Disclosed is a process for the sulfinylation of a pyrazole derivative, characterized in that 5-amino-1-[2,6-dichloro-4-(trifluoromethyl)phenyl]-1 H-pyrazole-3-carbonitrile is reacted with a sulfinylating agent S in the presence of at least one amine acid complex wherein the amine(s) are selected from cyclic secondary amines selected from piperidine, 2-methylpiperidine, 4-methylpiperidine, pyrrolidine, 2-methylpyrrolidine, 3-methylpyrrolidine, imidazolidine, pyrrole, piperazine, and morpholine, and the acid(s) are selected from p-toluenesulfonic acid, benzenesulfonic acid, 4-ethyl benzenesulfonic acid, 4-chlorobenzenesulfonic acid, xylenesulfonic acid, 2,3-dimethylbenzene sulfonic acid, 2,4:"dimethylbenzene sulfonic acid, 2,5-dimethylbenzene sulfonic acid, 2,6-dimethylbenzene sulfonic acid, 1-napthalenesulfonic acid, 2-napthalenesulfonic acid, mixtures of two or more of the isomers of dimethylbenzene sulfonic acid, mesitylene sulfonic acid, methane-sulfonic acid, camphor sulfonic acid, and trifluoromethylsulfonic acid, and with the addition of a halogenating agent, wherein S is [CF3S(O)]2O; or CF3S(O)X wherein X means fluoro, chloro, bromo, iodo, a hydroxy group, or an alkaline or alkaline earth metal salt of the hydroxy group; or mixtures thereof.
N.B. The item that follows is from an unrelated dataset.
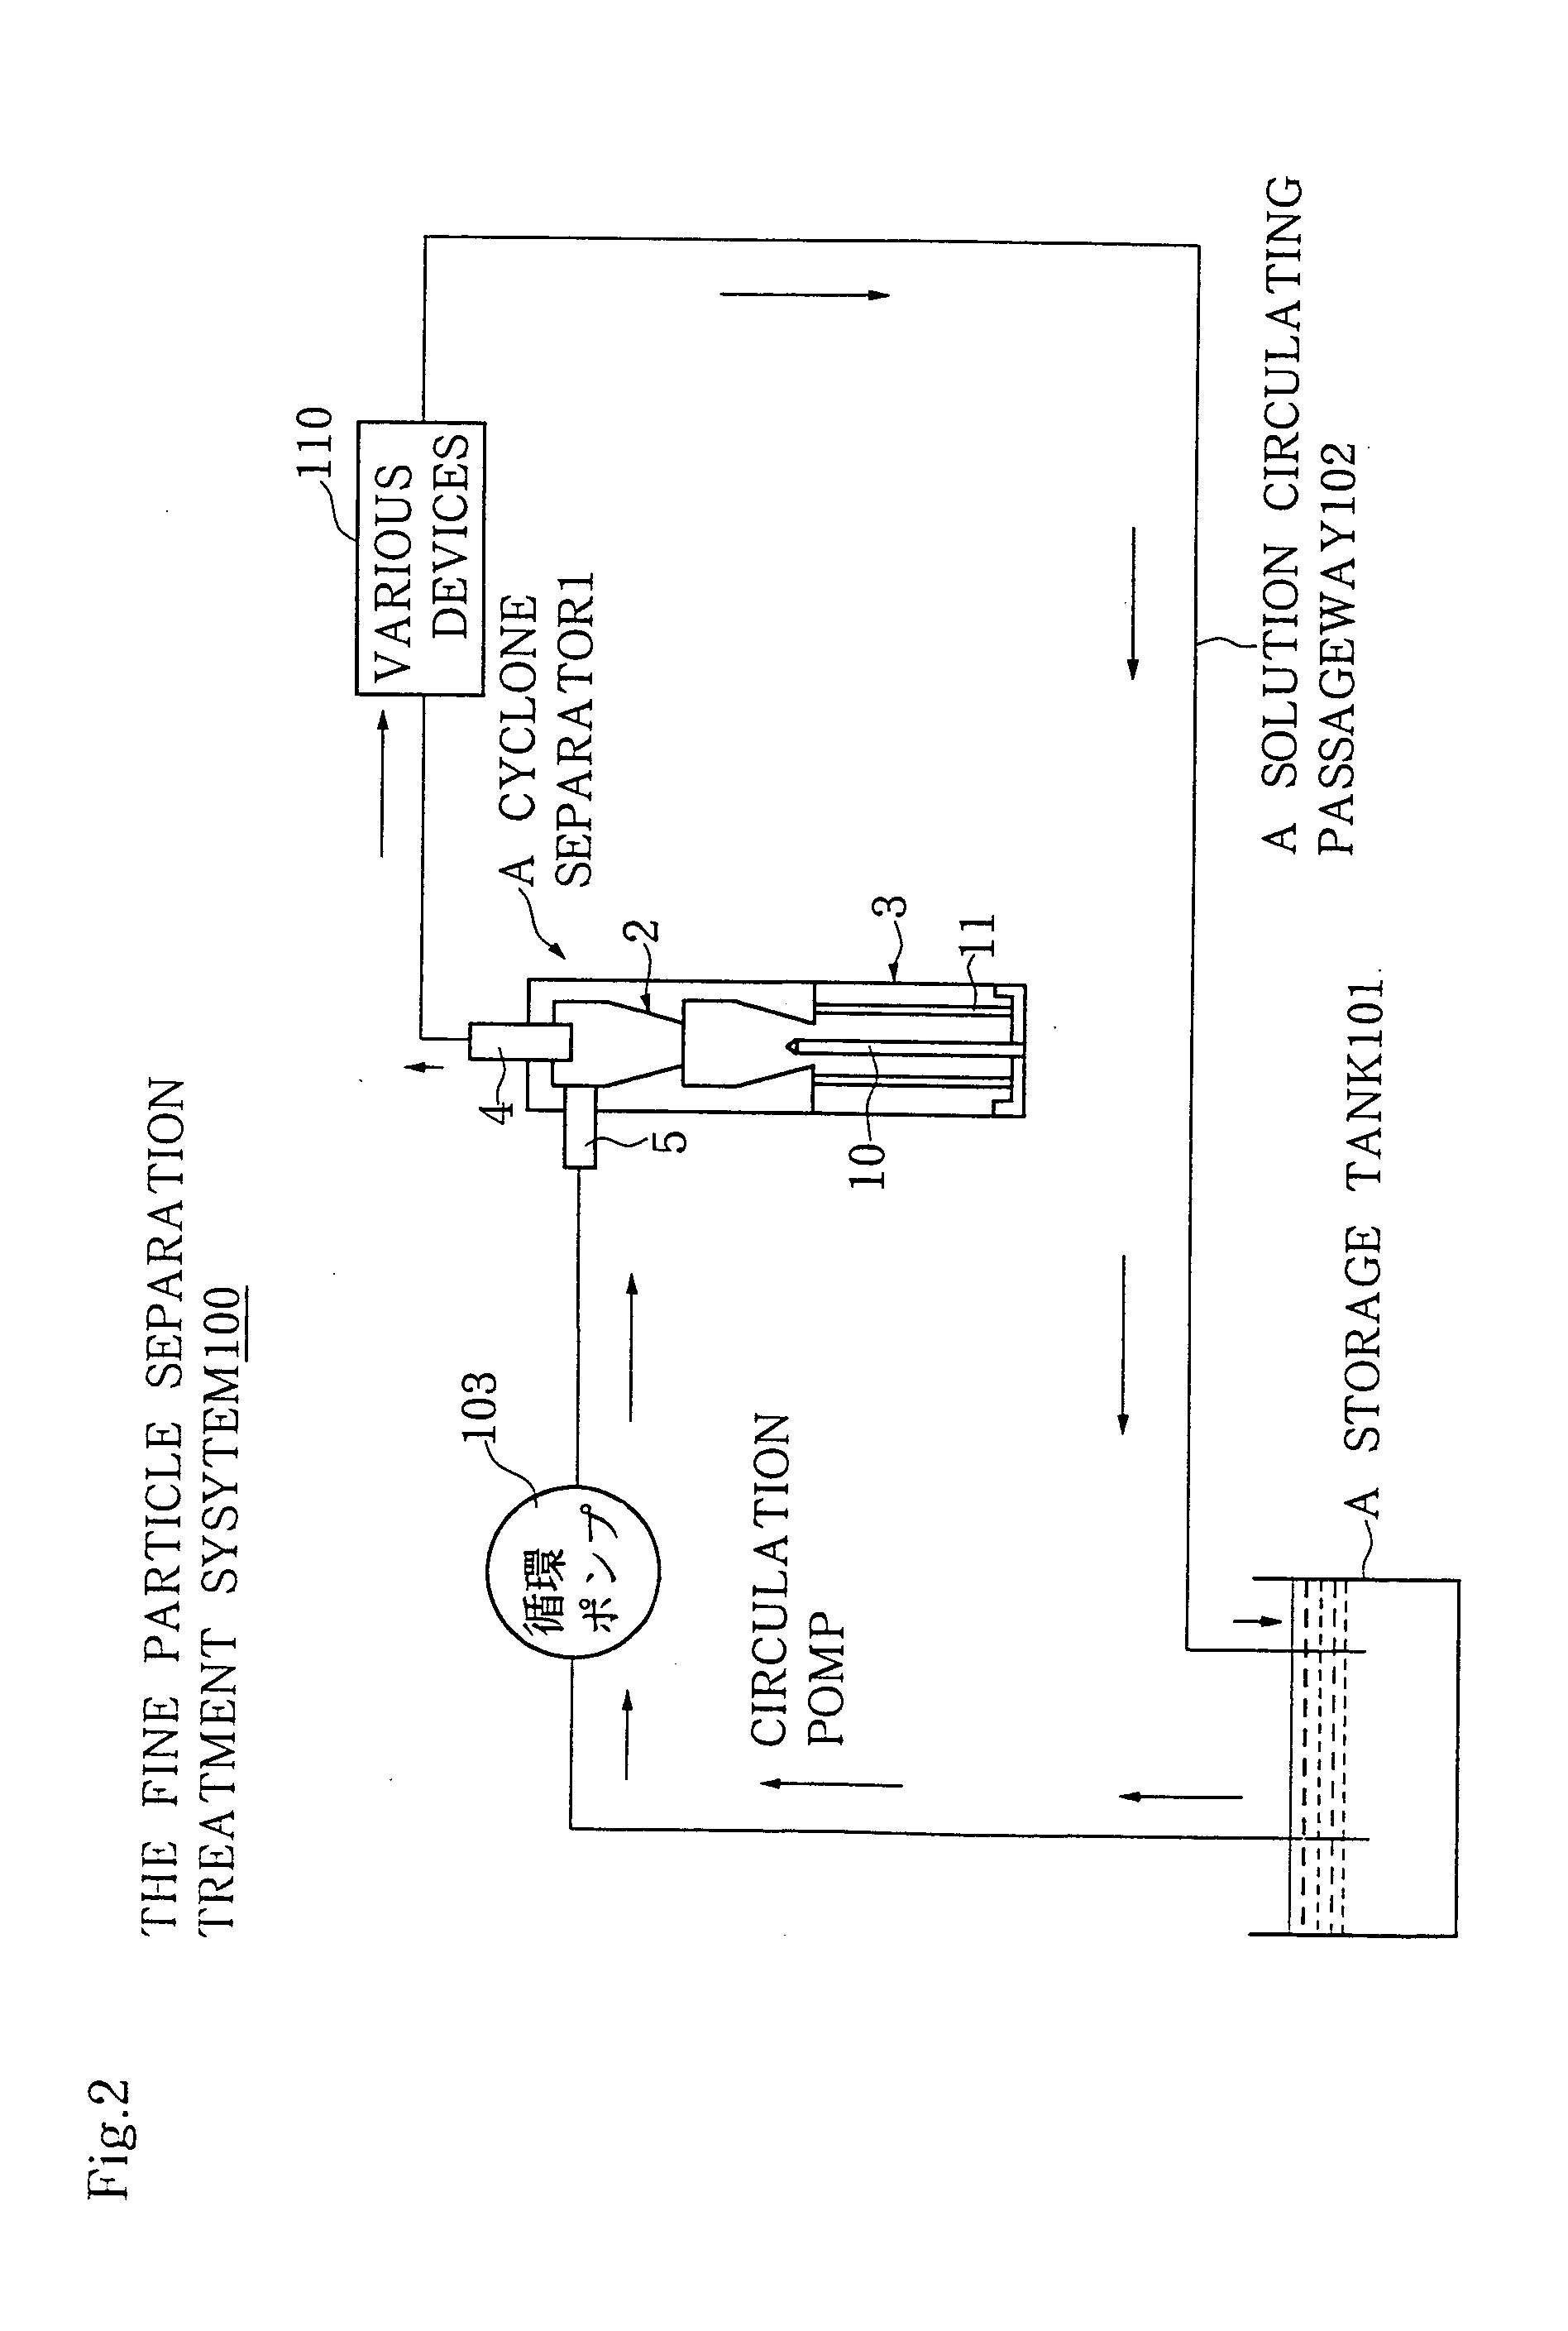 Fine particle separation treatment system and cyclone separator

Also disclosed is a method of treating animals against infestation or infection by parasites or protecting growing plants from infestation from insects, acarids or nematodes by applying or ingesting a 5-amino-1-[2,6-dichloro-4-(trifluoromethyl)phenyl]-4-(trifluoromethylsulfinyl)-pyrazole-3-carbonitrile prepared by the above process.